Cut a strip of plywood or a 1 x 4 the length of the door. Lay it on the ground next to the door (level) and using a compass or dividers to follow the contour, scribe the bottom of the wood. Now use a jig saw to follow the line. Attach this to the bottom panel of the door for a near perfect fit. You can put some 3/4" insullting strip on the bottom for a better seal.

Reply to
Edwin Pawlowski

Edwin and Pop always come through Thanks! I'm amazed I didn't think of *something* like what you suggested myself. I'd attached a furring strip to the absolute bottom of the door where it makes contact with the floor; and it didn't work. You guys give do-able responses to beginners; that's awfully kind.

Reply to
tioga0630

If I wanted to do an "insulative" plug, i'd do something like this:

1: put a 4' wide tarp centered along the line of the door. 2: on top of that, put a single long sheet of "clear" food wrap centered on where the door hits the floor. (have ready another piece of food wrap the same length.) 3: Get a can of expanding foam, put a nice fat strip of it down the line with where the door would hit, then quickly put the second piece of clear wrap on top... a "foam" sandwich if you will. 4: close door.
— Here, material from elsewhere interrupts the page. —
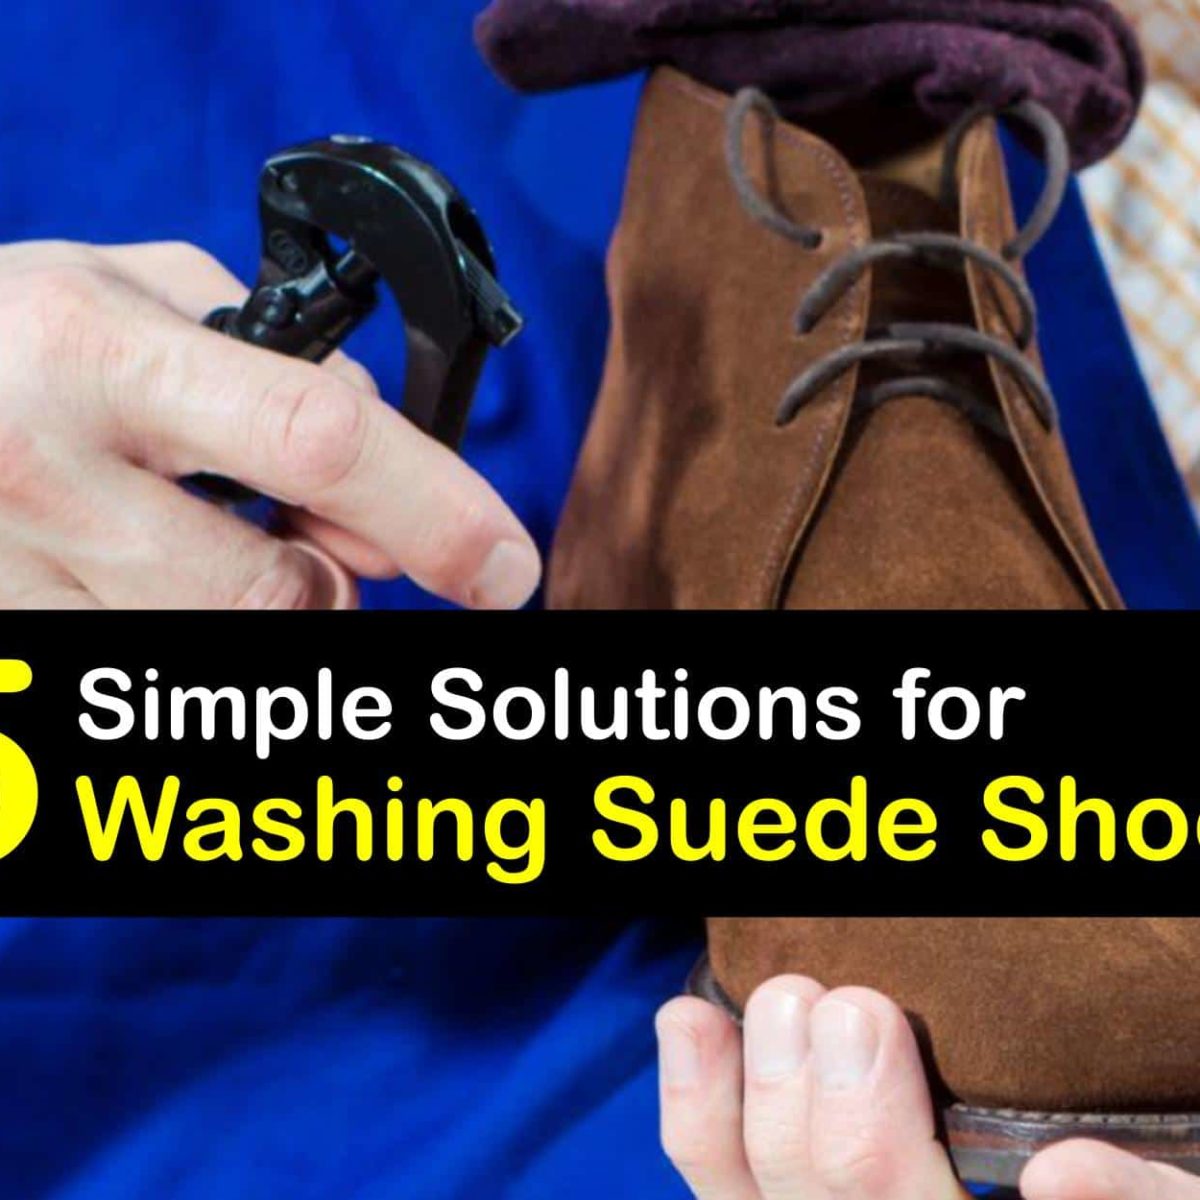 Washing Suede Shoes - Terrific Tips for Cleaning Suede Shoes

The door should displace the foam along it's length. The foam sticks to *everything* (except the clear wrap in my experience) which is the purpose of the tarp, etc. Protect anyplace you think it will ooze. 5: once the foam cures, you should be able to open the door, remove the clear wrap, and cut away anything that "stuck out" leaving you with a perfect gasket for the bottom of the door. 6: Paint the gasket with a primer and UV protective paint to match the rest of the door.

The gasket should be light and easy to attach to the door with caulk or adhesive... even hook and loop (velcro) strips if you want to be able to remove it.

I havn't done this, but i have played with foam and clear wrap (making props for theatre) and it should work. It should not add any significant weight to the door like wood might.